Central banks will continue to engage in monetary experiments when under political or economic pressure to do so. At the extreme, this may prove even more destabilizing to investment markets than the outcome the banks were seeking to avoid. The follow on effects are often too difficult to model, and while Central Banks often claim political independence, in the end they will often bow to political pressure resulting in unforeseen outcomes. The crisis in the Euro Zone has not been effectively dealt with. The ultimate issue is political, not monetary. Until the various countries deal with the political differences, the currency zone will, in our view, remain inherently unstable. Further, it is quite likely that various countries may find it in their best interest to leave the zone, further exacerbating the instability of the current system.

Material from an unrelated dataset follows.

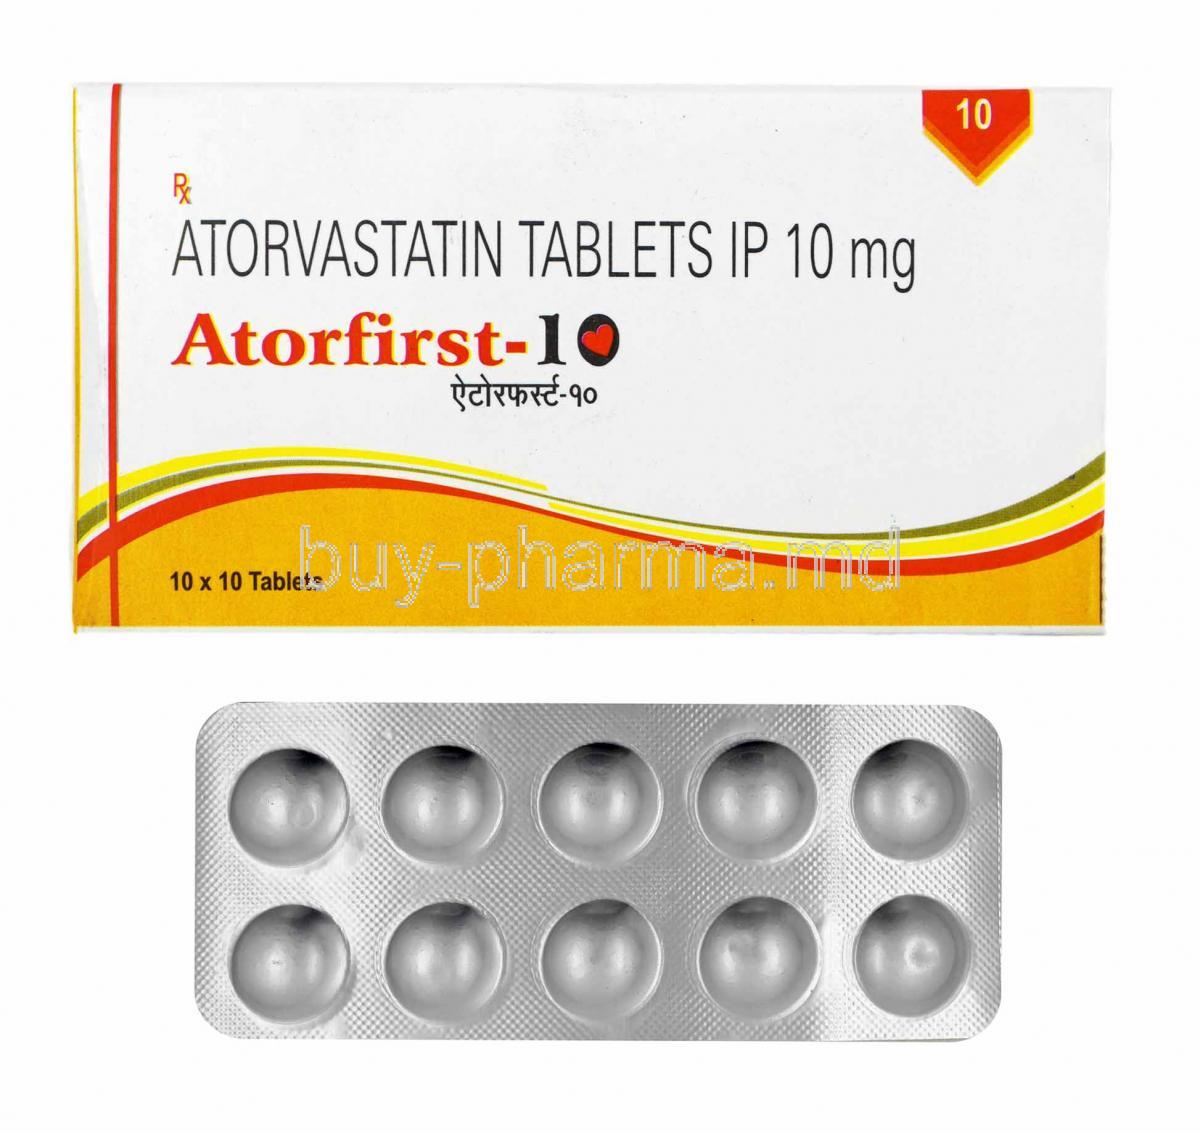 Atorfirst, Atorvastatin 10mg box and tablets

Rather than address the structural and demographic issues plaguing their economies, developed countries seem content to rely on their central banks to create monetary solutions to their economic problems. We believe this continued interaction on the part of central banks around the world negatively impacts true price discovery and probably impedes capital allocation and the flow of funds around the world.

Initially, the challenges faced by other developed economies and the subsequent monetary easing employed by their central banks to address these issues will likely make international equities less palatable to U.S. investors. Unhedged positions may appreciate in local terms, but that appreciation may be wiped out by falling currencies. The U.S. macro environment is relatively strong, and we believe this fact coupled with reasonably accommodative monetary policy should result in continued gains for U.S. equites throughout the remainder of 2015. However, as the U.S. Central Bank seeks to normalize policy, we remain concerned that the gradual removal of the monetary tailwind and the subsequent rise in interest rates will lead to additional volatility in risky assets. We do not expect the Fed to be able to reach their goal of full monetary normalization. Rather, we believe that as rates begin to rise the effect will “feel” more significant to market participants due to their longstanding reliance on low and perhaps even negative real rates. Consequently, recession may choke off the Fed’s normalization program sooner than expected, perhaps as early as mid to late 2016.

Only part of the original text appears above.